Glad you're digging it.. but are you sure you are not in another short honeymoon period?!  what are you running it thru? 
Im loving mine.. i use an old peavey 2x12 cab and i can hang in my little jam band just fine!


----------



## david henman (Feb 3, 2006)

naisen said:


> Glad you're digging it.. but are you sure you are not in another short honeymoon period?!  what are you running it thru?
> Im loving mine.. i use an old peavey 2x12 cab and i can hang in my little jam band just fine!


...at the moment i'm playing it thru a traynor 1-12 closed-back extension cab.

i'm going to see if my brother can build me an open back 1-12 cabinet.

plus, a friend of mine is loading a 4-12 slant cab with celestions for me to try.


----------



## JSX/6505 (Nov 18, 2007)

My HT-5 kills through both my 4x12's and my 2x12. 
If you want more low end, stick an EQ pedal in the loop. 
I like to keep the gain at halfway, then boost it with an OCD for some extra sizzle, sustain and chunk.


----------



## mrmatt1972 (Apr 3, 2008)

Hey david,

You might consider getting/making the 10-uator kit from bitmo. It's got a speaker emulated line out to drive a PA or bigger amp. Products | BitMo Mod Kits


----------



## Bevo (Nov 24, 2006)

Good on you, about time you caught your eh!

I also recomend a TS type boost in front of the gain, keep the gain midway and boost increasing your bottom end.
You would never think to boost a high gain amp but it really brings out some better tone.

When I was told to boost my Dual rec I laughed till I tried it, now I don't play without my TS-7.


----------



## david henman (Feb 3, 2006)

Bevo said:


> Good on you, about time you caught your eh!
> I also recomend a TS type boost in front of the gain, keep the gain midway and boost increasing your bottom end.
> You would never think to boost a high gain amp but it really brings out some better tone.
> When I was told to boost my Dual rec I laughed till I tried it, now I don't play without my TS-7.

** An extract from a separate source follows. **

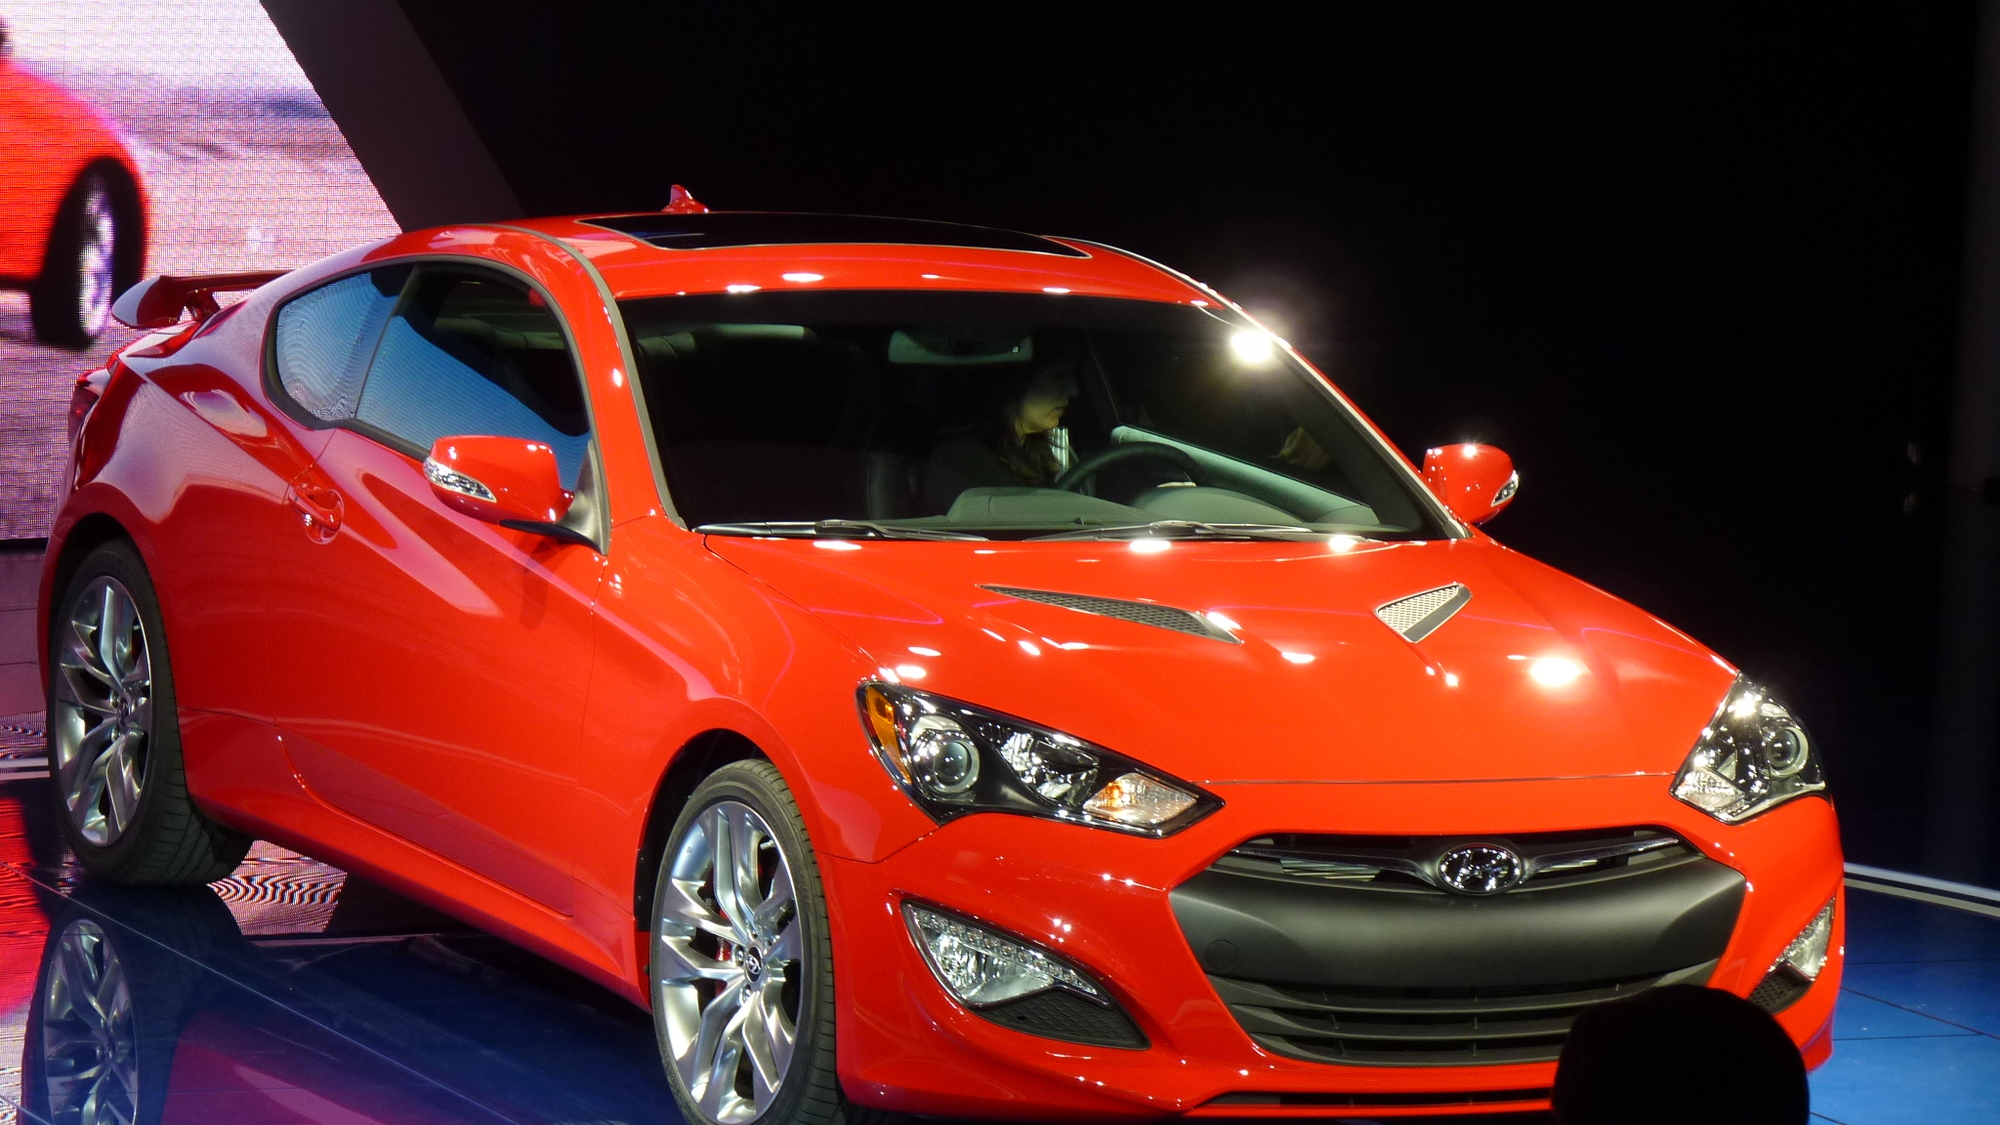 2013 Hyundai Genesis Coupe  -  2012 Detroit Auto Show

...i may give this a try, thanks! i can't imagine that the o/d channel is lacking in anyway, although i do kick in the compressor (barber tone press) when i want to hear the notes morph into feedback.


----------



## david henman (Feb 3, 2006)

...someone suggested putting a clean boost in the effects loop.

holy %&$#@*&!!!!

i no longer have to worry about getting this thing loud enough to keep up with my drummer!


----------



## Guest (Jul 9, 2010)

Check my next comment before taking it at face value 

You can blow a tranny by putting a Boston on the effect loop


----------



## david henman (Feb 3, 2006)

samboneecanada said:


> Check my next comment before taking it at face value
> You can blow a tranny by putting a Boston on the effect loop



...would a houston work better?


----------



## david henman (Feb 3, 2006)

...okay, i've had this head for several months, and i have been enjoying it, but...

i'm not getting the most out of it. i plugged back into my traynor ycv15blue on the weekend and i think i know what i'm missing. the ycv15, with its powerful 15 watts, really pushes the speaker.

i have the ht-5 plugged into a closed back traynor extension cabinet loaded with a celestion 30. 

something tells me this is not the optimum amp/speaker combination.

so, now the search begins for the optimum speaker/cab to match the ht-5.

a low-wattage speaker in an open back cabinet, perhaps?


----------



## hollowbody (Jan 15, 2008)

david henman said:


> a low-wattage speaker in an open back cabinet, perhaps?


Yeah, I think that's the ticket. The V30 is really efficient at 100db, but its high power handling means that the amp isn't really pushing the speaker all that much. Maybe something like a Celestion Blue? It's also crazy efficient (100db again), but rated at 15 watts. Should give you plenty of warmth and openness since it will be working much harder than the V30. The Greenback may be ok too, but it's slightly less efficient at 98db, so you'll be losing a bit of volume. The G12H30 is 100db also, I believe, so it's a lower-cost option to the Blue.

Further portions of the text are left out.